Home secretary Patel, along with other interior ministers of the Five Eyes countries, wrote an open letter to Facebook CEO Mark Zuckerberg the same year, urging him not to introduce end-to-end encryption.
But Martin said it was unreasonable to conclude that Facebook accounts for the vast majority of online child sexual abuse. The figures simply reflected the fact that Facebook has not yet implemented end-to-end encryption.
“The difficult reality is that these policy interventions are, in effect, demanding that one very large and increasingly unpopular company does not do what most of its competitors have already done,” he said.
“Of all the legitimate complaints we can have about Facebook’s business practices, catching up with the rest of the industry on what has become broadly-accepted best practice in messaging platform security is surely not top of the list.”
The Investigatory Powers Act 2016 gives the government powers to issue Technical Capability Notices (TCNs) to require communications companies to remove encryption or provide communications in intelligible form, when required.
Martin said the government needs to be transparent and honest with the public over its approach to encryption.
“If it is to be the case that end-to-end encryption poses such a threat to public safety that its implementation and use must be constrained by law, then the government needs to be absolutely open about what that means,” he said.
That means the government should level with the public that digital protections will not be as good as they might be otherwise, but the greater good demands that law enforcement can access encryption.
There should also be more openness about what sort of Technical Capability Notices are needed, why and how they are applied.
“If we learned anything from Snowden, it’s that the state needs to seek informed consent for what they do in this space.
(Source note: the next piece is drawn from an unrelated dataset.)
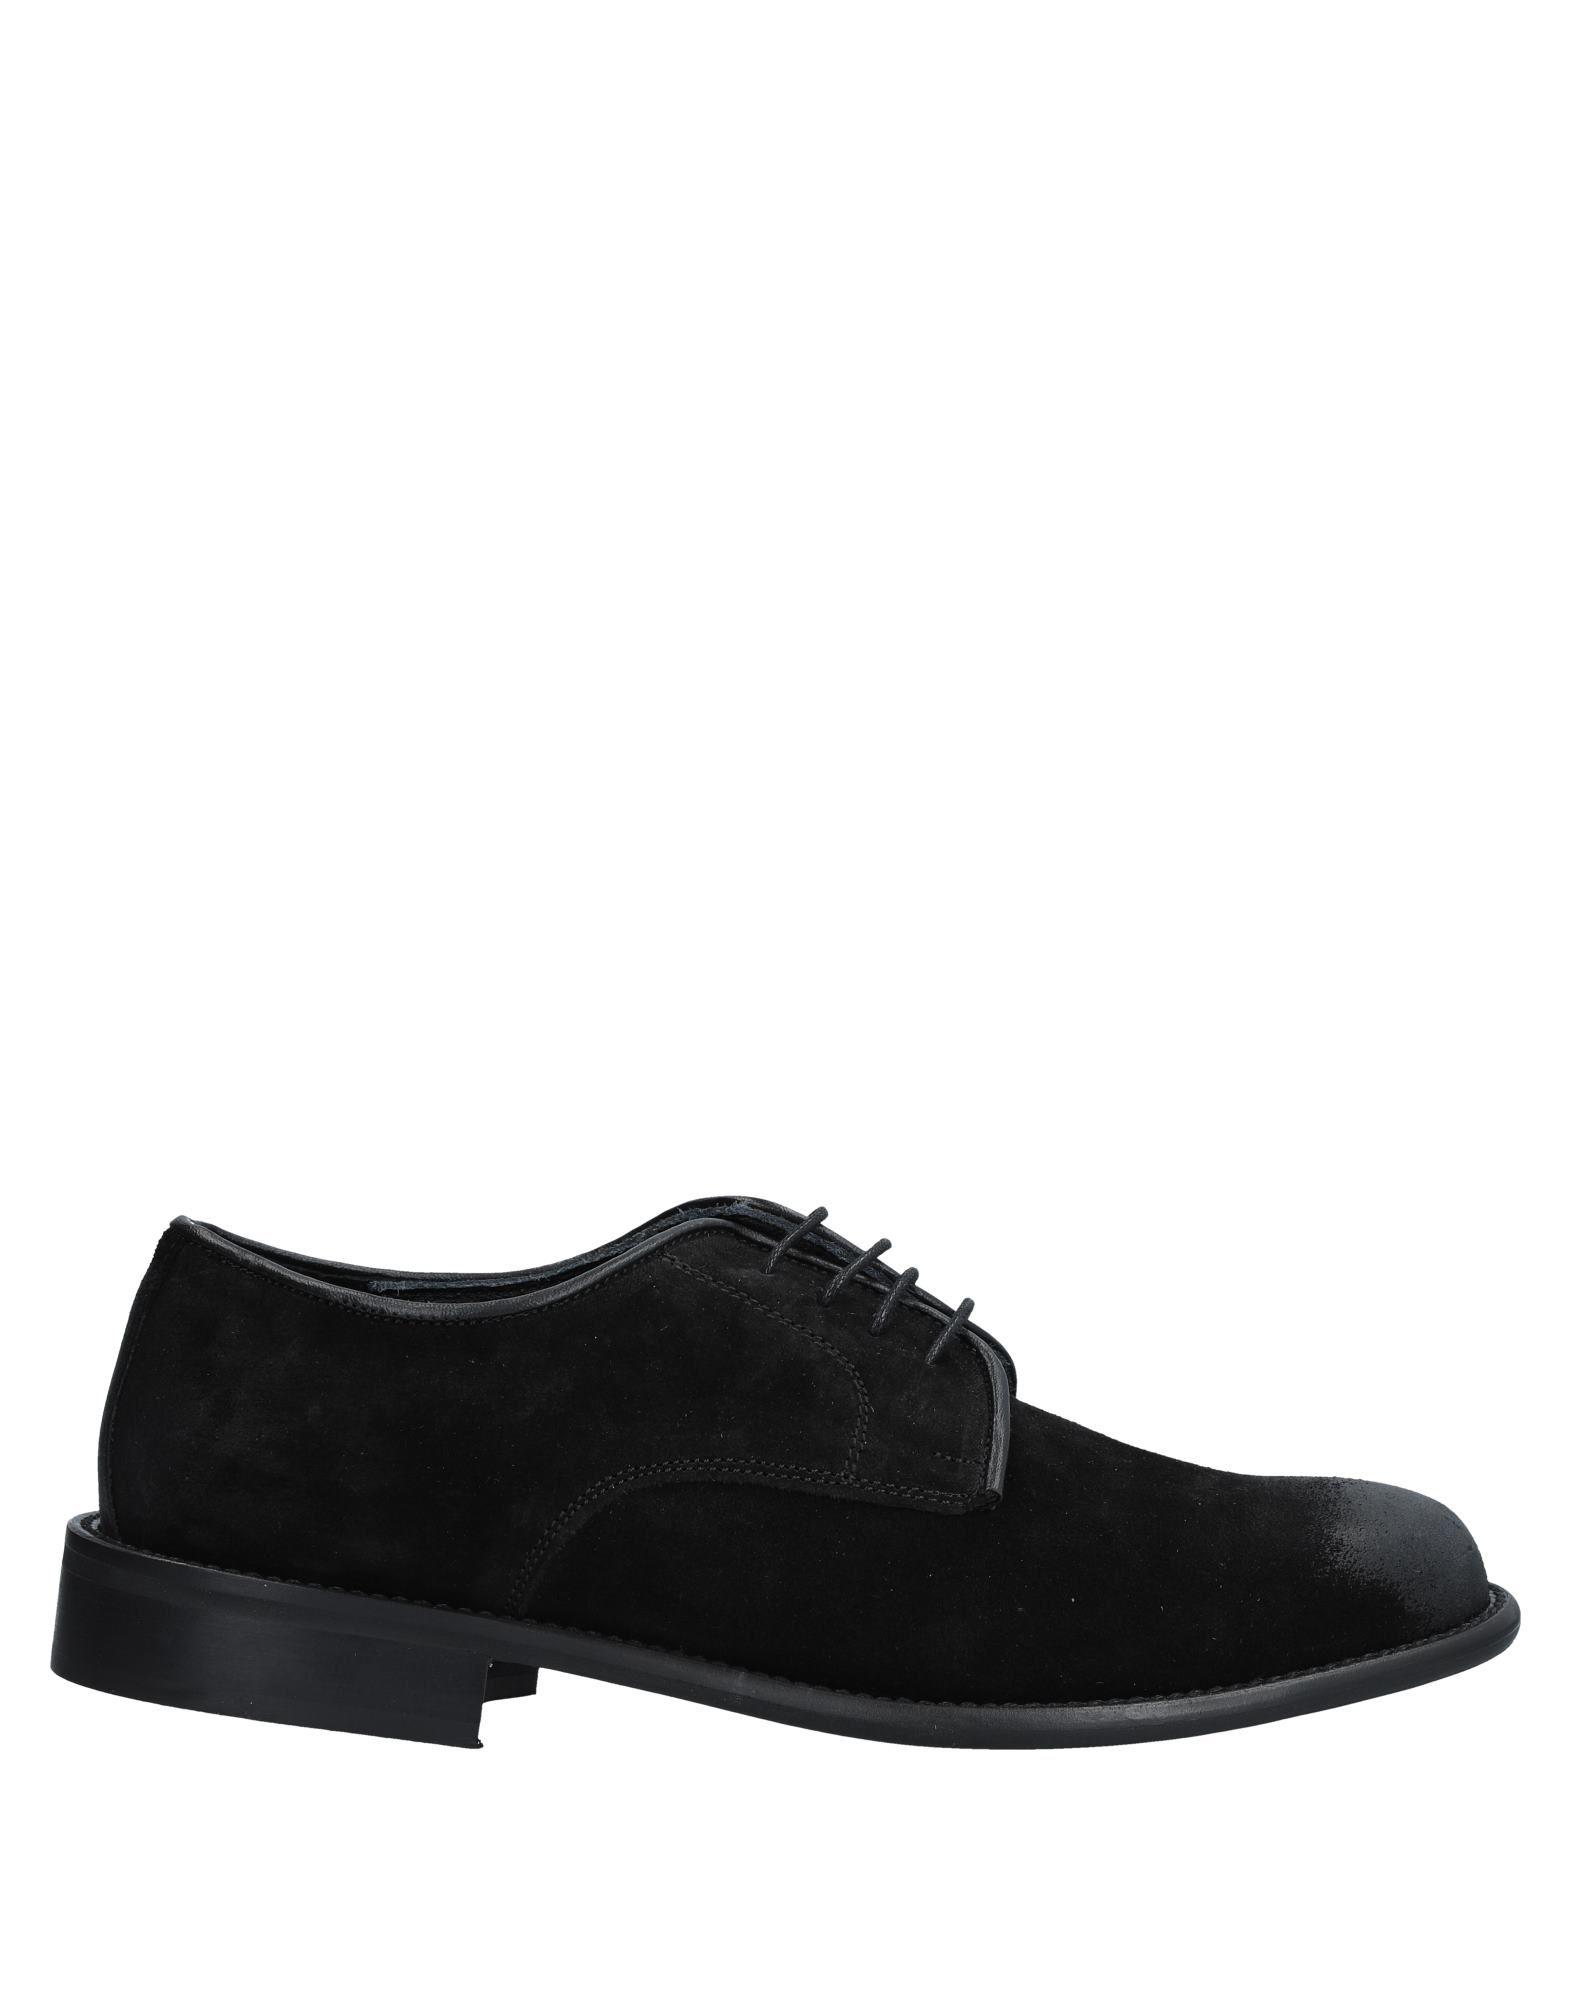 Bottega Marchigiana Schnürschuhe Herren  11541792DG Gute Qualität beliebte Schuhe

Relying on a general sense of ‘those with nothing to hide have nothing to fear’ is a terrible idea’,” he said.
Encryption cannot be wished away
Martin said the revolution in digital security brought about by encrypted services such as Signal cannot be wished away, “Canute like”.
“It is hard to see a blanket ban on end-to-end encrypted services, and it is hard to see an increasingly security- and privacy-savvy population doing anything other than flock to them, the bad minority as well as the good majority,” he said.
The difficulties for law enforcement are real, he said. adding he had no doubt that if Facebook moves to end-to-end encryption it would make the job of law enforcement harder.
But he said the widespread use of encryption is the latest cycle in a game of cat and mouse between technology and law enforcement.
Technology changes, criminals use the new technology, the good guys catch up, the technology changes, and the cycle starts over again.
“Looked at this way, end-to-end encryption is just another practical operational issue, not an issue of principle,” he said.
Even in the aftermath of the NSA whistleblower Edward Snowden, governments did not “go dark”, they “went spotty”. They had access to a lot of data but not all the data they needed or had access to before.
Often, though not always, there are other ways for law enforcement to get hold of the information they need.
For example, in 2015 the FBI attempted to compel Apple to unlock the iPhone of the San Bernardino terrorist, but after a protracted legal battle the FBI managed to access the phone in a different way.
“Would it really have been better,” Martin asked, “if the US government had won and compelled Apple to do something that would potentially compromise all of its phones?”
He suggested that both sides in the argument over end-to-end encryption should approach the problem with “fairness” and “generosity of spirit”.
“Instead of traducing the good intentions and vital work of policing and intelligence with offensive accusations that they’re ‘playing the child abuse card,’ why not redouble efforts to help bring offenders to heel in the new technological dispensation?”